Our analysis comparing phase one and phase two respondents found no differences regarding demographics, burnout, or team effectiveness. However, there were significant differences in respondent education level, practice role, and practice size. Literature suggests that survey respondents who respond in later phases of data collection efforts are more likely to have characteristics similar to those people who did not respond to the survey at all (Gummer Struminskaya, 2020), thus we compared the characteristics of phase one respondents and phase two respondents. We found similar characteristics between nonrespondents and phase two respondents. For example, both nonrespondents and phase two respondents were more likely to be primary care providers and come from larger practices. Overall, our nonresponse analysis provides vital information about potential systematic bias stemming from significant differences between respondents and nonrespondents.

Our survey provides valuable insights into the challenges of surveying primary care providers and staff. Many of our sampled participants were deemed ineligible due to leaving their practice between the time we obtained the clinic roster and survey administration. This reflects the high turnover rate of healthcare professionals during the COVID-19 pandemic and corroborates literature that reports high turnover rates among ambulatory care staff during this time (Frogner Dill, 2022). The majority (75%) of ineligible nonrespondents who had work contact information that was repeatedly undeliverable were identified from practice-supplied rosters as primary care providers, signaling high turnover rates within this population.

Strengths, future research, and limitations

A strength of the study is that response rates for several practices were greater than 75%, allowing for adequate data to perform social network analysis on team structures, compositions, and networks in future work (Borgatti et al., 2024). We achieved an acceptable response rate despite declining response rates among providers by collaborating with practice administrative leaders and having multiple outreach attempts. For the first time, we have rich data from all primary care providers and staff—including medical assistants, social workers, care managers, and others—in practice to determine team composition and networks. Obtaining diverse perspectives is critically important in future team design efforts, as primary care practices face an overburdened workforce. Future research will focus on better understanding primary care team compositions, structures, social networks, and how they impact team member and patient outcomes.
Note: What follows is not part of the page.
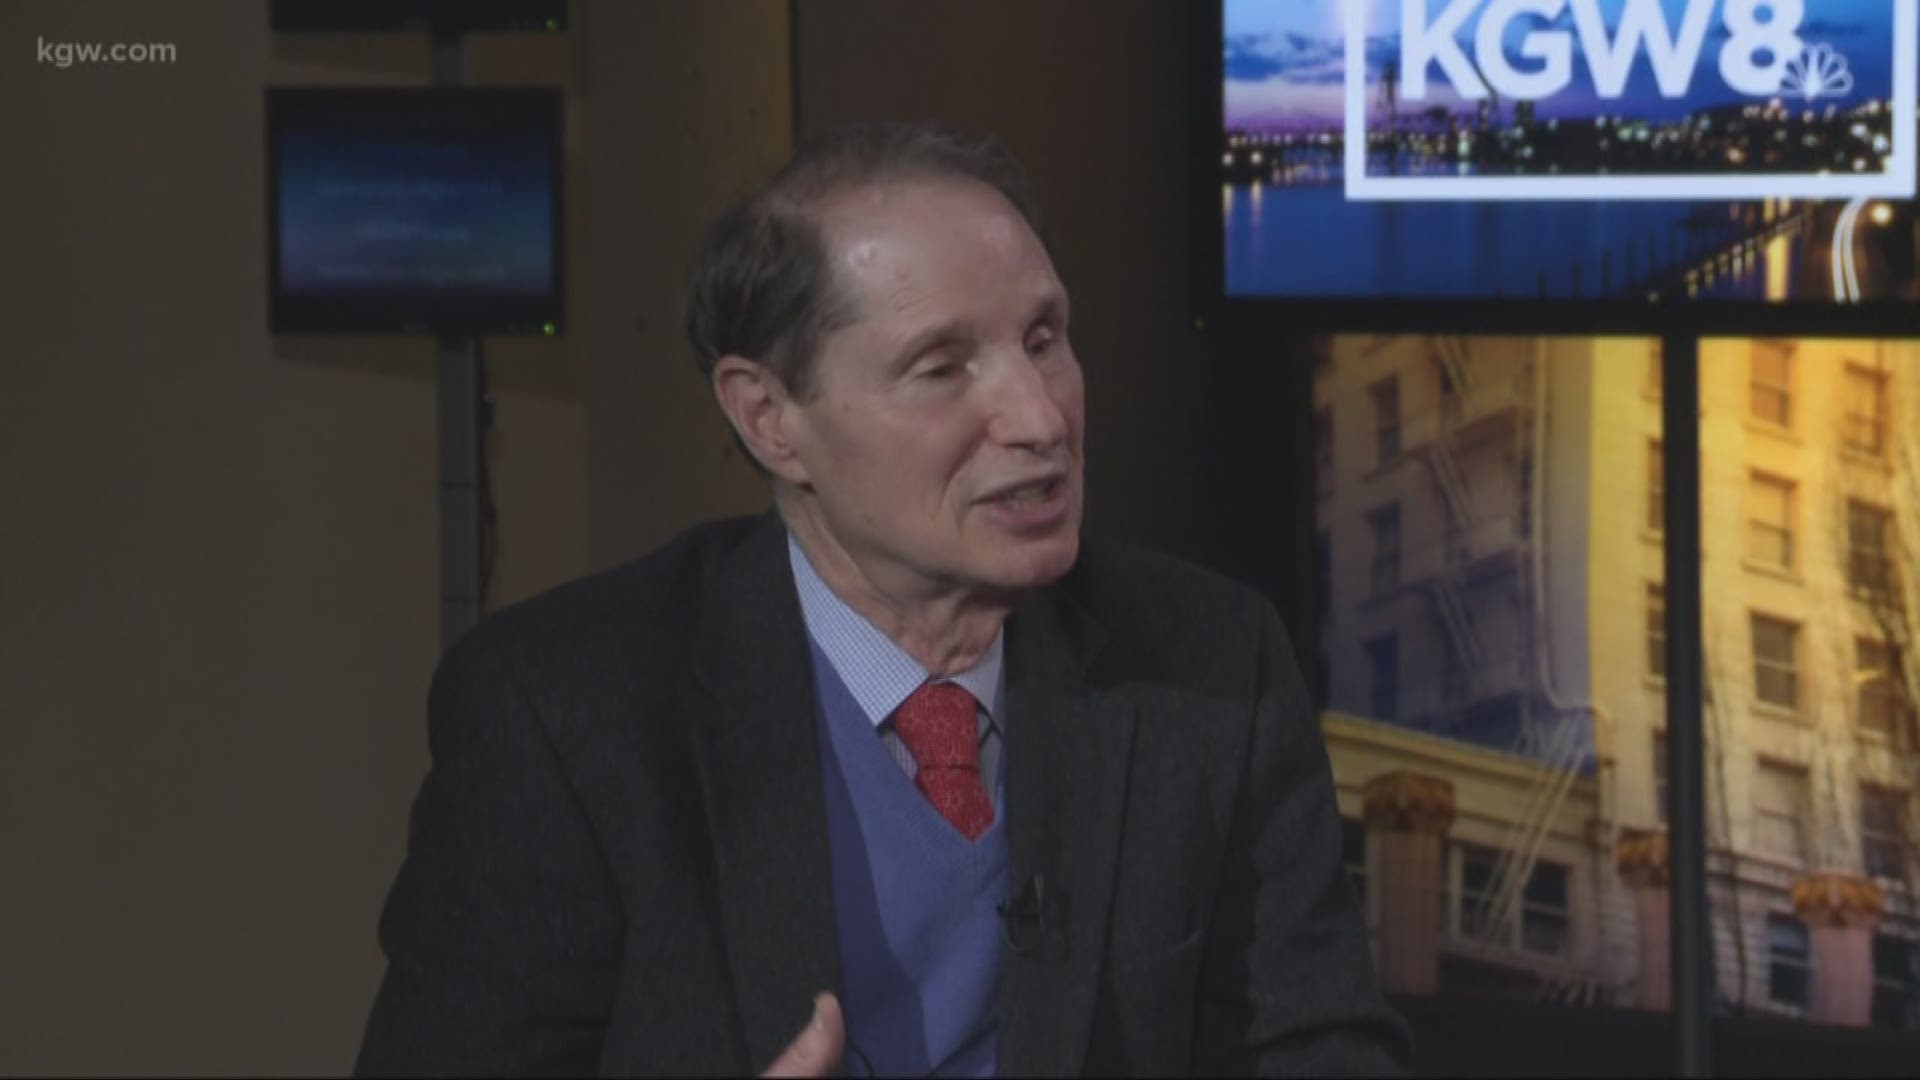 Wyden joined KGW News on Tuesday to discuss the latest on the shutdown and what Oregonians have told him at town halls across the state.
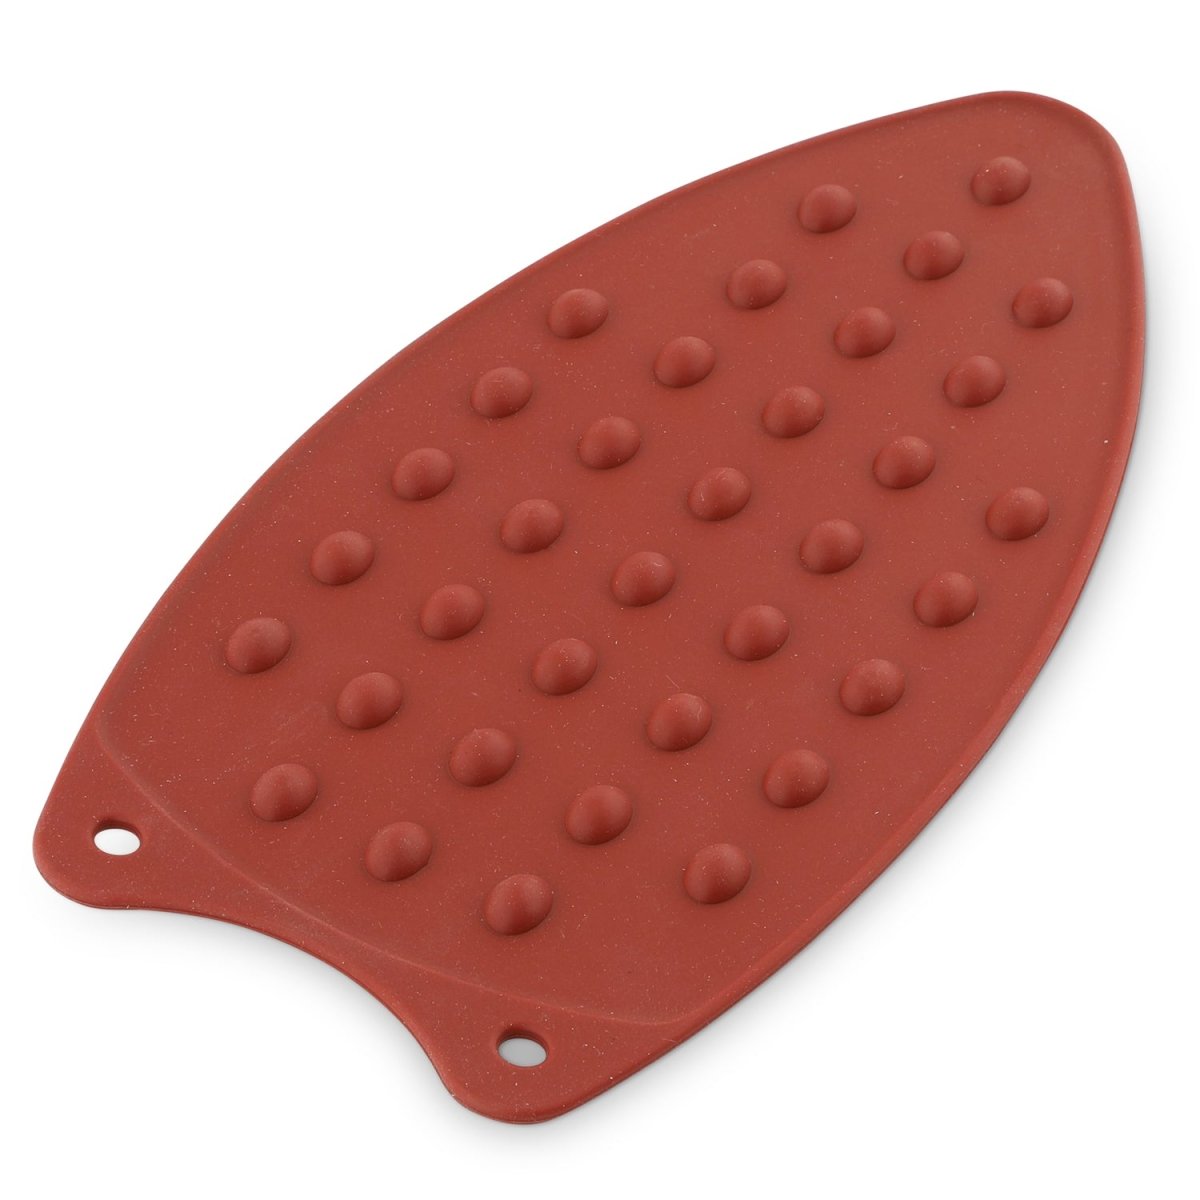 Silicone Iron Stand Mat Rest Ironing Pad Helper Board Heat Resistant Deck  Tool H

Our study has limitations. In addition to general primary care practices, we included one obstetrics-gynecology and one pediatric practice in our sample. These practices may differ in organizational structure and team dynamics from other primary care practices. Furthermore, our analysis between survey respondents and eligible nonrespondents was limited to data from the administrator-supplied rosters. Therefore, we could not compare these groups on demographics or other potentially important factors. Our survey respondents and eligible nonrespondents may have differed in other unmeasured ways. For example, as a result of our partnership with practice administration, team members in practices with more engaged leadership may have been more likely to respond to the survey. Additionally, our analysis between phase one and phase two respondents was limited as there was greater than 20% missing data for demographic characteristics for phase two respondents. However, among our final analytic sample of those who completed the survey, there was less than 10% missing data. Lastly, our sample is limited to primary care practices in New York and Pennsylvania, thus limiting generalizability.

CONCLUSIONS

Team-based care is a cornerstone of primary care, and collecting data to study teams is vital. This online social network survey of primary care providers and staff used innovative approaches to collect data on team structures. We collected data from all providers and staff in primary care practices to determine team compositions and structure. Our data will allow us to analyze social networks in primary care settings and provide vital information about the characteristics and dynamics of primary care teams in future research. This evidence will be key to ultimately promoting team-based primary care and improving patient care and outcomes.

Supplementary Material

Supplementary Appendix

Key Points.

  • Increasing demand for primary care services has resulted in an emphasis on team-based care models. There are wide variations across primary care teams, yet little is known about their composition and structure.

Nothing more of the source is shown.